WHAT THIS TASK INVOLVES
Return every line of the entries that includes the word "Logo".

MATERIAL TO PROCESS
.....
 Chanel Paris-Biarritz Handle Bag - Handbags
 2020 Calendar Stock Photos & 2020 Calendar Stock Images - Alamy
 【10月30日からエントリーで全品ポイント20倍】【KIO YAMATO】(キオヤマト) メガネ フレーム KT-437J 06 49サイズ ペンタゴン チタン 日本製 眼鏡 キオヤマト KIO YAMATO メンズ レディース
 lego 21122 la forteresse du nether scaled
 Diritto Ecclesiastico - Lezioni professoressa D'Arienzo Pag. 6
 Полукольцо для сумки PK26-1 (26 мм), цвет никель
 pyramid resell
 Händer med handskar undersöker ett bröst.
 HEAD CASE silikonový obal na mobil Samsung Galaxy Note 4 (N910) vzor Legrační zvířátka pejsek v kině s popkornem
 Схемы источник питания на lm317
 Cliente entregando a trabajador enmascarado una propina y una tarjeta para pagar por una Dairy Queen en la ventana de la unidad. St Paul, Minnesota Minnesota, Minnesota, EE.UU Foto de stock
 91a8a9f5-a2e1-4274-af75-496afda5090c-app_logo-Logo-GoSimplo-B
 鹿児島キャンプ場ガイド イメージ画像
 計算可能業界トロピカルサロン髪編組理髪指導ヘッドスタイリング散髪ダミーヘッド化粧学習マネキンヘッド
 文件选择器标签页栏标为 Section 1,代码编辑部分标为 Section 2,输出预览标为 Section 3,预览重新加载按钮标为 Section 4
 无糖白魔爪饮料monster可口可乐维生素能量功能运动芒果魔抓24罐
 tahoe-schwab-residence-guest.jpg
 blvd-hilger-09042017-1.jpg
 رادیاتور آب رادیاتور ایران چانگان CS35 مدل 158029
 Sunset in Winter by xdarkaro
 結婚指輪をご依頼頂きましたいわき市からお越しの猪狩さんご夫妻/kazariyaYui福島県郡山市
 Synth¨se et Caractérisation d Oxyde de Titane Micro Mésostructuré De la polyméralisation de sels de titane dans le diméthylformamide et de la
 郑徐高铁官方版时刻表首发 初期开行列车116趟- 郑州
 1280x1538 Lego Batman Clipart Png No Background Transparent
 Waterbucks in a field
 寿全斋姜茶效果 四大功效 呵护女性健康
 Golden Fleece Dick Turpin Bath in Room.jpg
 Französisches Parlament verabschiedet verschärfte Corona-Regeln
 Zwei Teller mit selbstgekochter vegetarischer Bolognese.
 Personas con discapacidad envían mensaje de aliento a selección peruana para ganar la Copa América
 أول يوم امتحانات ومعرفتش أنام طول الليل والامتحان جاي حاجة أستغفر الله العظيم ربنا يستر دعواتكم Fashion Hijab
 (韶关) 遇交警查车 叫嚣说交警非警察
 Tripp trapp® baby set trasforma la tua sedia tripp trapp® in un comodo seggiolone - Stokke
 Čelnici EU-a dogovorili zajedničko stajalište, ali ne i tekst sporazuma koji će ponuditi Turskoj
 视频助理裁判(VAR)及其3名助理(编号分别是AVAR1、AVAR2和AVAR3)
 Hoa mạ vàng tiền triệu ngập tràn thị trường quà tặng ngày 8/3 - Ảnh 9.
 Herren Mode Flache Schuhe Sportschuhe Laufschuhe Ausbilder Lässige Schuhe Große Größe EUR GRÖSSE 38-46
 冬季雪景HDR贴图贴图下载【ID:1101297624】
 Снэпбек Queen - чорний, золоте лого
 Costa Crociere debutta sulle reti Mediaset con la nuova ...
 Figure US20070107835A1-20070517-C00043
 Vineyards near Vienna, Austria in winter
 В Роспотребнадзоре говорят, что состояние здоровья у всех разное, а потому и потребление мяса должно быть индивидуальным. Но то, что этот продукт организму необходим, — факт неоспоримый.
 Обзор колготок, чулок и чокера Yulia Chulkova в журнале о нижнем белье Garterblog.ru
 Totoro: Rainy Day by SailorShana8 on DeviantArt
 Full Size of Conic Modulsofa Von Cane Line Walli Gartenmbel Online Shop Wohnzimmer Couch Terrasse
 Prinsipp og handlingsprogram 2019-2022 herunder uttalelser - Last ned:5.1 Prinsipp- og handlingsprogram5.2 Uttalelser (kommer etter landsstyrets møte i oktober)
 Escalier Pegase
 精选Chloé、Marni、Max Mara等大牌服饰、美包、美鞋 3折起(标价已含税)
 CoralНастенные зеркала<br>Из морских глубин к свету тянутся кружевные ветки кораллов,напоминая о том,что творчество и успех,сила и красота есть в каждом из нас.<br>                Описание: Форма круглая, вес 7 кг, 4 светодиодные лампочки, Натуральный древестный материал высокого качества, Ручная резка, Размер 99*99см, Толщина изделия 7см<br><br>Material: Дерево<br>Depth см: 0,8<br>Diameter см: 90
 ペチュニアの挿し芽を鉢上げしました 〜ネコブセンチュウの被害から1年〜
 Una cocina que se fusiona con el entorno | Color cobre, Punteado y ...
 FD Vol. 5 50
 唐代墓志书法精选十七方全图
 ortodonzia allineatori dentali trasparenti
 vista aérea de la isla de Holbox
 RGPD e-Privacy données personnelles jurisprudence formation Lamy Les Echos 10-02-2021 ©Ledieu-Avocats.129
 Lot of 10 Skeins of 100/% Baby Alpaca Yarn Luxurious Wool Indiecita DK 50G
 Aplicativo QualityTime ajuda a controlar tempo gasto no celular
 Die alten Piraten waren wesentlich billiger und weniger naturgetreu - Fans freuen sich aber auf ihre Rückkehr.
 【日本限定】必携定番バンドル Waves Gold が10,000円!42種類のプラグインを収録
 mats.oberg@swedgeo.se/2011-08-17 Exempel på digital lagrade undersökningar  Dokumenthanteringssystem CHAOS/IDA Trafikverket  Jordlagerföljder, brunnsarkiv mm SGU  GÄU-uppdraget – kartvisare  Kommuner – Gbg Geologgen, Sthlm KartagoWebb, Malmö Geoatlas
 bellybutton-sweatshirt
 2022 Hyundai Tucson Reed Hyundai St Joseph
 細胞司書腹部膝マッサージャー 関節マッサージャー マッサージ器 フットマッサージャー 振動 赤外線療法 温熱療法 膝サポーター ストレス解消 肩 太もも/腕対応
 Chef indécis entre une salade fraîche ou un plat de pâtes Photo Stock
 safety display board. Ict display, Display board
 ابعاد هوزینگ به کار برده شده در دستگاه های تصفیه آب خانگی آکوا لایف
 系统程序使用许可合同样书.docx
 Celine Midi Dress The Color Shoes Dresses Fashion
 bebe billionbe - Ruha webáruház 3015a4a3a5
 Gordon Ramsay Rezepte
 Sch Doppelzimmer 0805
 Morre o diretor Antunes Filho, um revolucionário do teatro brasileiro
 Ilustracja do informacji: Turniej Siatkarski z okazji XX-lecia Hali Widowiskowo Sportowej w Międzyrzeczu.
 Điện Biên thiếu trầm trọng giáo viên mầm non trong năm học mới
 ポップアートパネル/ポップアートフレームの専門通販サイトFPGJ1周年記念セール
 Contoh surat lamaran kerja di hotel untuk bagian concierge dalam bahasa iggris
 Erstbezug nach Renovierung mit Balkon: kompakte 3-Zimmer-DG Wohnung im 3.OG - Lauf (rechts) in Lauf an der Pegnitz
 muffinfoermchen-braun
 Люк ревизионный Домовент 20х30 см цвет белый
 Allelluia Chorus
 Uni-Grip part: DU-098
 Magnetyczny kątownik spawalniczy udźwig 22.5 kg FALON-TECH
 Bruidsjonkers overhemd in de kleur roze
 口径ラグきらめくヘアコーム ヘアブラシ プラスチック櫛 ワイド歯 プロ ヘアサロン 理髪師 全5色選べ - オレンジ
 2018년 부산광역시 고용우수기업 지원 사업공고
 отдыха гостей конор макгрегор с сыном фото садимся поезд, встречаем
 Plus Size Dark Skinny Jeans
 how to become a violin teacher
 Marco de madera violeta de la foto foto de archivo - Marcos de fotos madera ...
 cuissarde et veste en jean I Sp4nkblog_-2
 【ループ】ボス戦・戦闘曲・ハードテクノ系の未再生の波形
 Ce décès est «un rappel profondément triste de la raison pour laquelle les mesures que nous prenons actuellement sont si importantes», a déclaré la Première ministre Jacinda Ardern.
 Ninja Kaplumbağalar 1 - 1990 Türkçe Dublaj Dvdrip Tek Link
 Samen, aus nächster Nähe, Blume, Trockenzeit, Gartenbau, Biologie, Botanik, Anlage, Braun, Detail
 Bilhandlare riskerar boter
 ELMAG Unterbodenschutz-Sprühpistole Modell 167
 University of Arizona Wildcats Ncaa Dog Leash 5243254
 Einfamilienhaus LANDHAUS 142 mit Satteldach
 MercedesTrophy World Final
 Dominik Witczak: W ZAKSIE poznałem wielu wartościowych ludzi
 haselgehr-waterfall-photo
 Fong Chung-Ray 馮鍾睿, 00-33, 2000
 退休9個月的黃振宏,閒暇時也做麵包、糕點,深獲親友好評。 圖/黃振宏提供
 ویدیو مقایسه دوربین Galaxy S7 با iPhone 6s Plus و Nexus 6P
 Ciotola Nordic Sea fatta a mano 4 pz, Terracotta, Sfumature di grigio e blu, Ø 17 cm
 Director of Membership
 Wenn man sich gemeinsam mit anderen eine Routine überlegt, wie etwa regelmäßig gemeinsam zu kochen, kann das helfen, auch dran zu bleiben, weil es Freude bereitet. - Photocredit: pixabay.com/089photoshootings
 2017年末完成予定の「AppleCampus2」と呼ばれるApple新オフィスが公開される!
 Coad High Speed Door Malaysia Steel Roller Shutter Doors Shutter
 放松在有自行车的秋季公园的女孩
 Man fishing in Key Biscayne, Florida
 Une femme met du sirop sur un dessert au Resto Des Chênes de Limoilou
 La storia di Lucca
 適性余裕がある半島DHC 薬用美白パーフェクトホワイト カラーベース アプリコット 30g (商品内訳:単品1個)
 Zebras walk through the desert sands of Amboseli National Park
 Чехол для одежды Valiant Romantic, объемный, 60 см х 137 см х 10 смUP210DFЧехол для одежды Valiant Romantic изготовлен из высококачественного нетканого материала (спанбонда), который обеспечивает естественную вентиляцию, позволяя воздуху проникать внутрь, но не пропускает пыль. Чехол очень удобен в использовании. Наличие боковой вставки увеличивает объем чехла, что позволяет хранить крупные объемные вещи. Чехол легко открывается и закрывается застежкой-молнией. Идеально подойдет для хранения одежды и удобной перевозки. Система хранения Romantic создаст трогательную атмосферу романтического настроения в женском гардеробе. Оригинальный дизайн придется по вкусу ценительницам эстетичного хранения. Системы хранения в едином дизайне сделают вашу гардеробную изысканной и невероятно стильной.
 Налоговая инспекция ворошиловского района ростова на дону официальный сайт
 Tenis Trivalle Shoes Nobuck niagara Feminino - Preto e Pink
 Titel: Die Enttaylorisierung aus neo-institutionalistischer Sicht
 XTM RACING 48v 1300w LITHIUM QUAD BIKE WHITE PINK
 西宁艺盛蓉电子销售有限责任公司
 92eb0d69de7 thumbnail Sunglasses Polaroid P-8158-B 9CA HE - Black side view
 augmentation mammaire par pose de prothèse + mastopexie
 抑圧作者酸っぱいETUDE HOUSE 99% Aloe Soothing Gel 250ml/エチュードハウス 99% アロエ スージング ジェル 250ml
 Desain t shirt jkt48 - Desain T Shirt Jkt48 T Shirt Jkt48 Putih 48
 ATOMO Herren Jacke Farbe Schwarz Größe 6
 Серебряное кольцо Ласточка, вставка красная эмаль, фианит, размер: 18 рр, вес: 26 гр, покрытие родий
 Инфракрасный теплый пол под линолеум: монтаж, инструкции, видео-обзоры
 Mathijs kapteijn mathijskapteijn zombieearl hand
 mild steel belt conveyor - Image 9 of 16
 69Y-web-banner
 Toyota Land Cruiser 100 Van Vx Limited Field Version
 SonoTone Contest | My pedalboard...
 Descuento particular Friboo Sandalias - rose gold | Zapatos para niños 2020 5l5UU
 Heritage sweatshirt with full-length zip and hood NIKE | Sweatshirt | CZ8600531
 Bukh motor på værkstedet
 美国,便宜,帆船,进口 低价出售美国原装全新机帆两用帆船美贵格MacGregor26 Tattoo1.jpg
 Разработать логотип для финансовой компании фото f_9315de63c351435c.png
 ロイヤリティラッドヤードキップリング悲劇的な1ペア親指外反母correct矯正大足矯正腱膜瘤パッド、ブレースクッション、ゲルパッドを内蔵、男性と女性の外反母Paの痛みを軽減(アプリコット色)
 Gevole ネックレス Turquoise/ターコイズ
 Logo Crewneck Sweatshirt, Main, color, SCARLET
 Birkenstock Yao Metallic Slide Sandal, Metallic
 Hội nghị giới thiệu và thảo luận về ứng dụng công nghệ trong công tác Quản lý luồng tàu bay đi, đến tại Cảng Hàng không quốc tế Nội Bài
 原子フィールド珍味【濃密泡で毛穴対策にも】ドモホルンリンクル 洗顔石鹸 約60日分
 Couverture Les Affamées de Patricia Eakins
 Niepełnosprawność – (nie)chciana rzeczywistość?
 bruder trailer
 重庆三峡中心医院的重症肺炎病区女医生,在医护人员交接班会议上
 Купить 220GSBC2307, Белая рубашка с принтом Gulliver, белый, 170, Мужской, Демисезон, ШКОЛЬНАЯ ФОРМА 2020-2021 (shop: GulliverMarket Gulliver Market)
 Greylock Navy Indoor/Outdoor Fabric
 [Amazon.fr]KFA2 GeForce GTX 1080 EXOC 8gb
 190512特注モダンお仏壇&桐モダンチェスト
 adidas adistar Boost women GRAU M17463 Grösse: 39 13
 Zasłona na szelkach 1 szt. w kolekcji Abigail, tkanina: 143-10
.....
OUTPUT FOR THIS TASK
 91a8a9f5-a2e1-4274-af75-496afda5090c-app_logo-Logo-GoSimplo-B
 Logo Crewneck Sweatshirt, Main, color, SCARLET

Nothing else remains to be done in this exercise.